A reporter for McClatchy newspapers who covers Rep. Devin Nunes (R-CA) filed a misleading report this week suggesting that the California congressman can no longer sue Twitter for aiding and abetting defamation against him.

The report was then picked up by several other media outlets, inadvertently echoing the false reporting.

The McClatchy reporter, Kate Irby, wrote on Wednesday in a story with the headline, “Devin Nunes can’t sue Twitter over statements by fake cow, judge rules”:

A judge has ruled that Rep. Devin Nunes has no right to sue Twitter over statements made by a fake Internet cow, someone parodying his mother and a Republican strategist.
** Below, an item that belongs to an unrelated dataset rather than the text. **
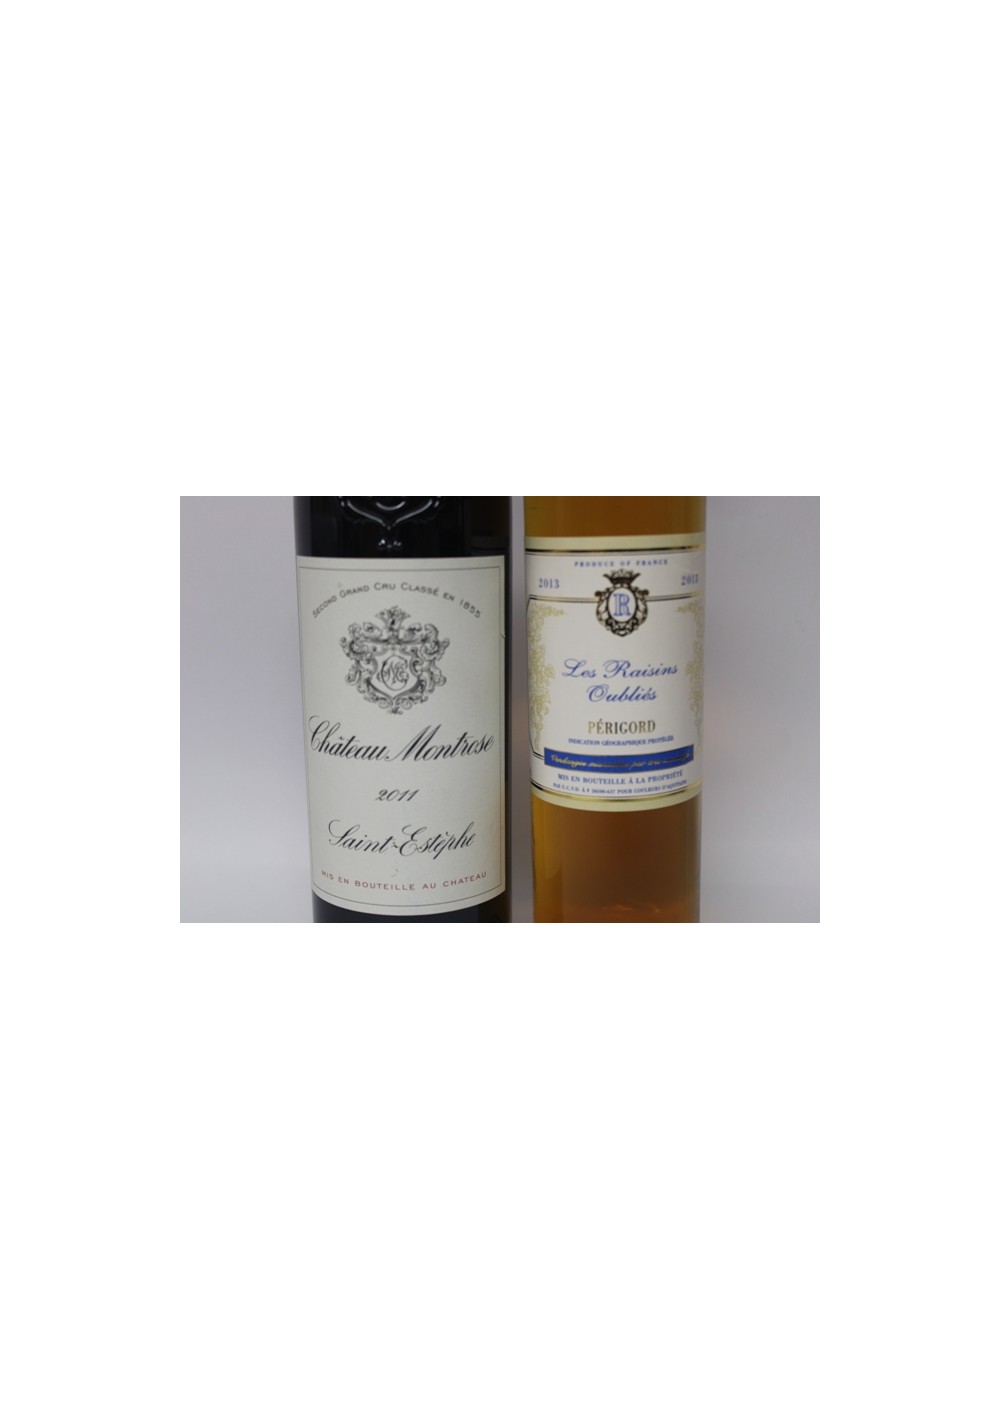 Gift box, 2 bottles - 1 Château Montrose 2011 - 1 Raisins Oubliés 2013

… [Judge] Marshall is removing Twitter as a defendant on the case, leaving the case pending against the two parody Twitter accounts and Mair.

Irby also tweeted the story headline “Devin Nunes can’t sue Twitter over statements by fake cow, judge rules,” which Nunes critics retweeted and liked about 6,000 and 22,300 times respectively.

Irby’s reporting was referring to a decision by the judge to throw out one negligence charge against Twitter — not to remove Twitter from the lawsuit entirely.

In fact, Nunes is still suing Twitter for “injunctive relief,” meaning that Twitter would be forced to remove the defamatory material against Nunes. That charge against Twitter remains. Nunes is also seeking to add a claim against Twitter for allowing defamation against him.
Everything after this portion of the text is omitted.